For the purpose of calculating the CTE of unidirectional composites, analytical models have been developed by simple rule of mixtures to thermoelastic energy principles. When different models for the transverse CTE are compared, large discrepancies exist. Which model to use becomes a question. Bowles and Tompkins [1] critically reviewed some of the analytical models. These models were compared with the experimental measurements and finite element analysis. Islam et al. [2] studied the linear thermal expansion of unidirectional composites using the finite element method. Karadeniz and Kumlutas [3] performed finite element analysis using a representative unit cell and compared several analytical models.
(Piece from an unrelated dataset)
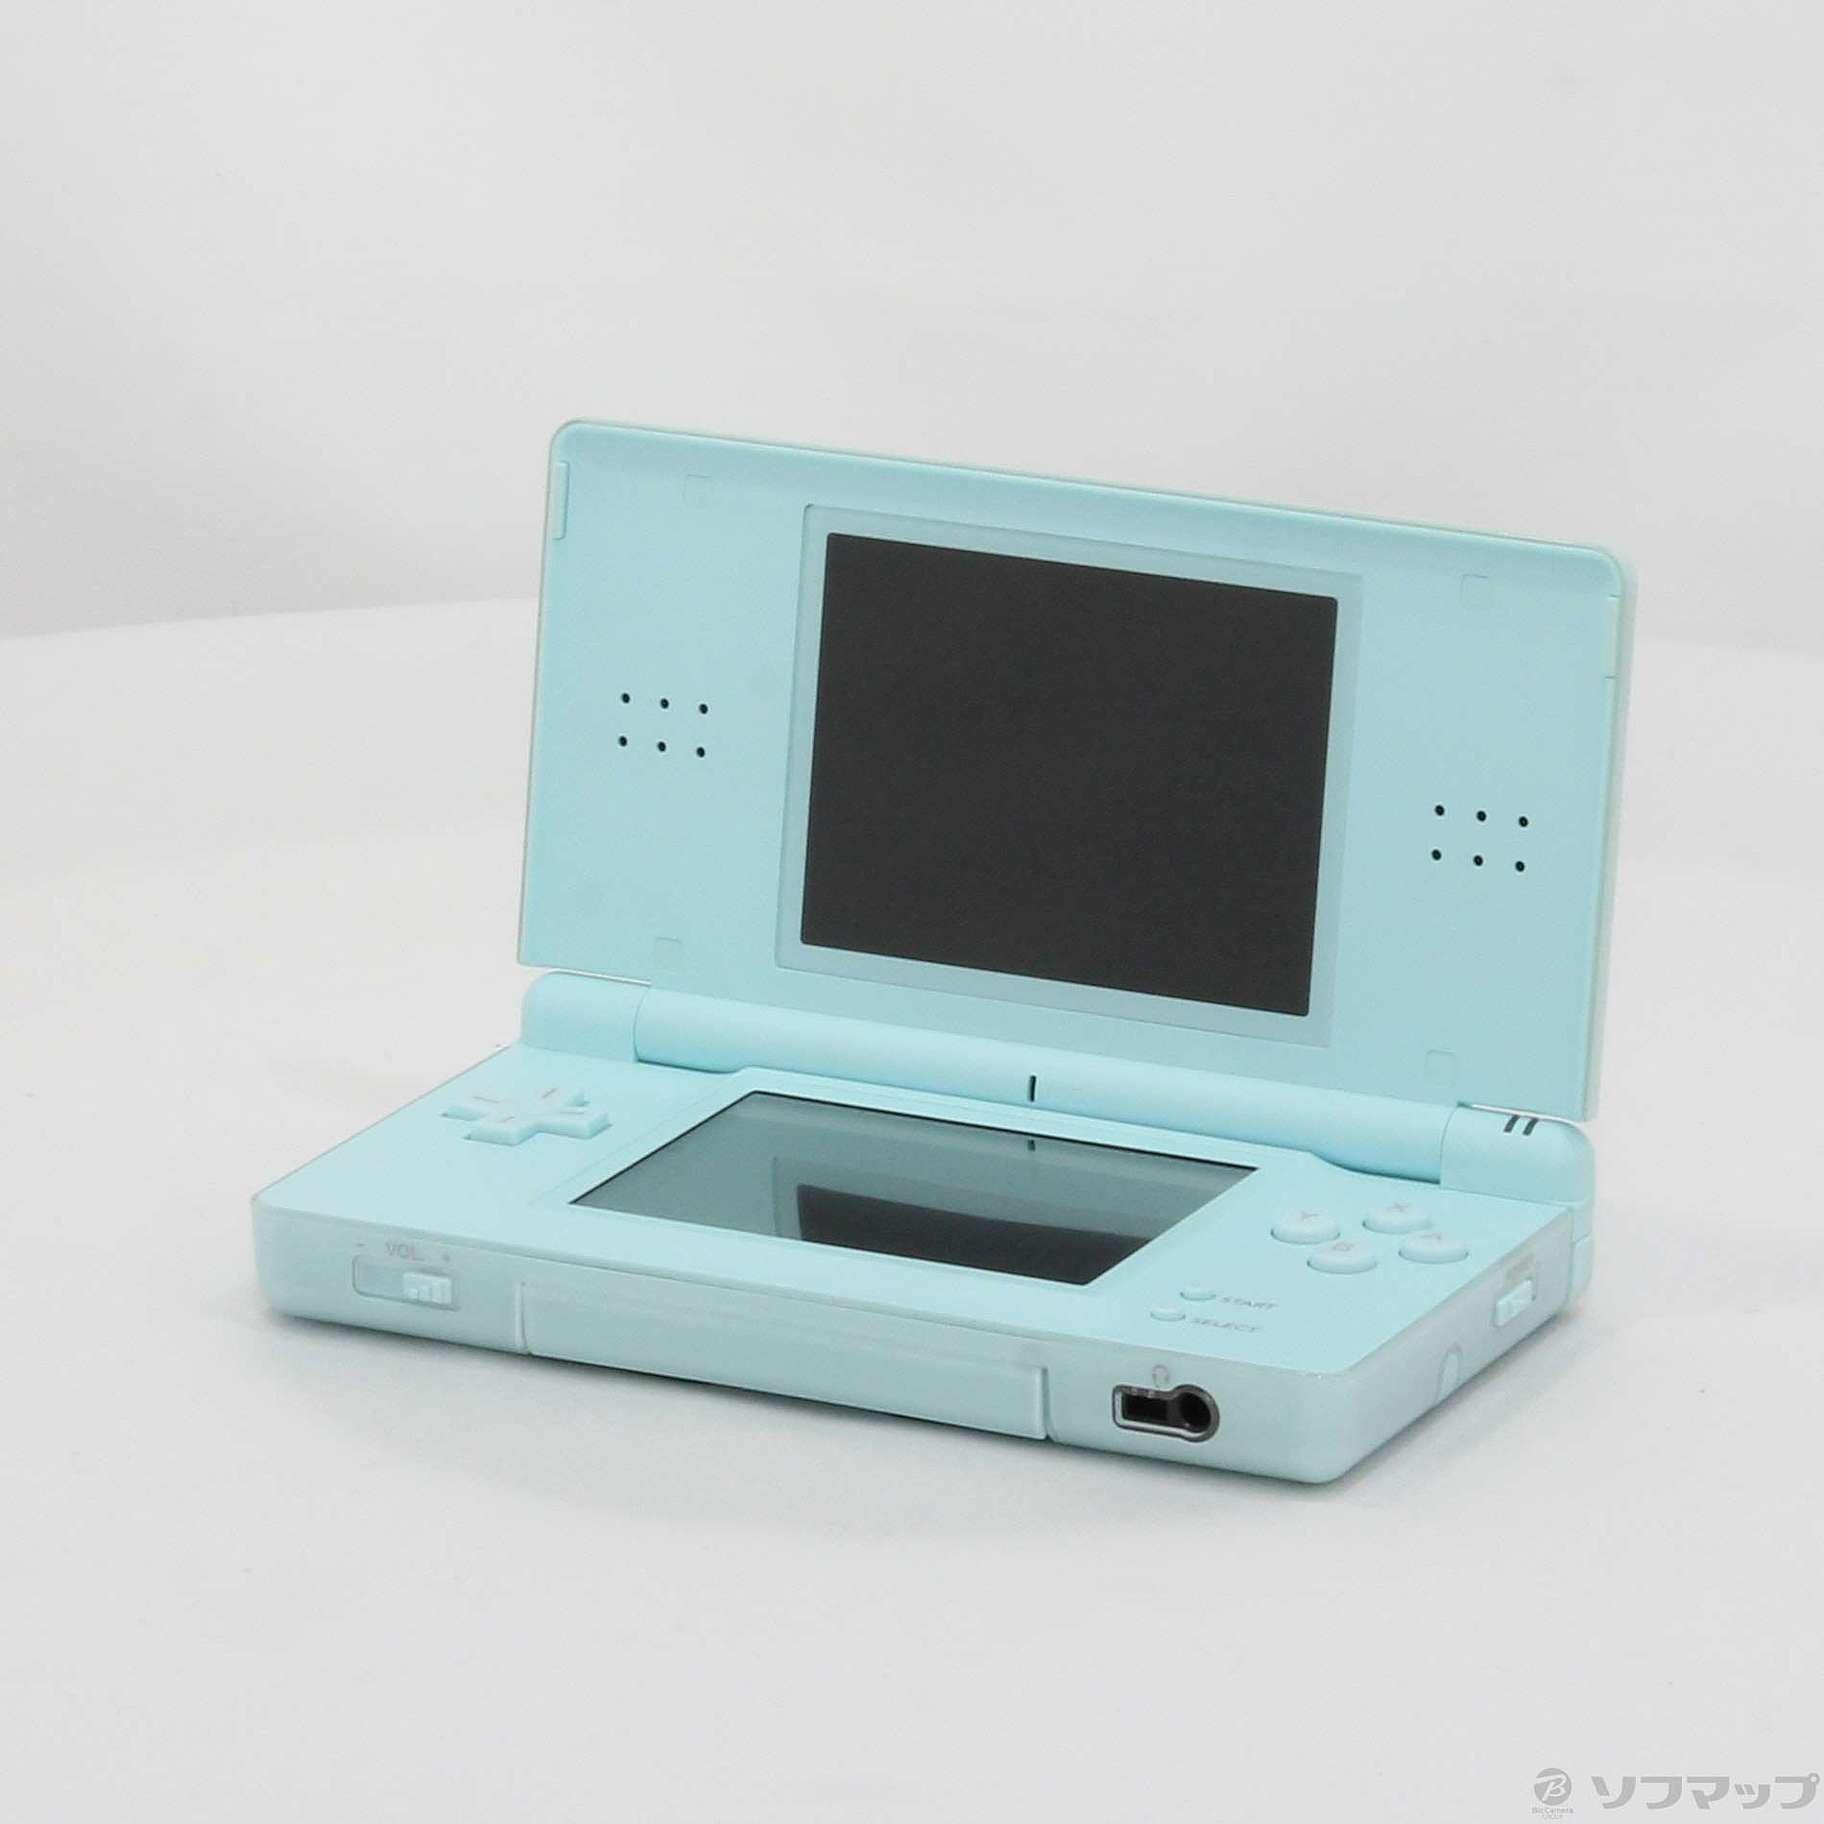 任天堂 Nintendo DS Lite - 文学

This study aims to clarify the discrepancies among different models for the transverse CTE of composites and provide a more convenient model. First, the transverse CTE of unidirectional carbon fibre composites were calculated by finite element analysis using a representative unit cell. Second, the analytical micromechanical models from literature were reviewed by comparing with the FEA data. Finally, by using FEA, Design of Experiments, and Response Surface Method, a simple model for predicting the transverse CTE of unidirectional carbon fibre composites was developed. The model was validated against the data from reference and it shows that the accuracy is satisfactory.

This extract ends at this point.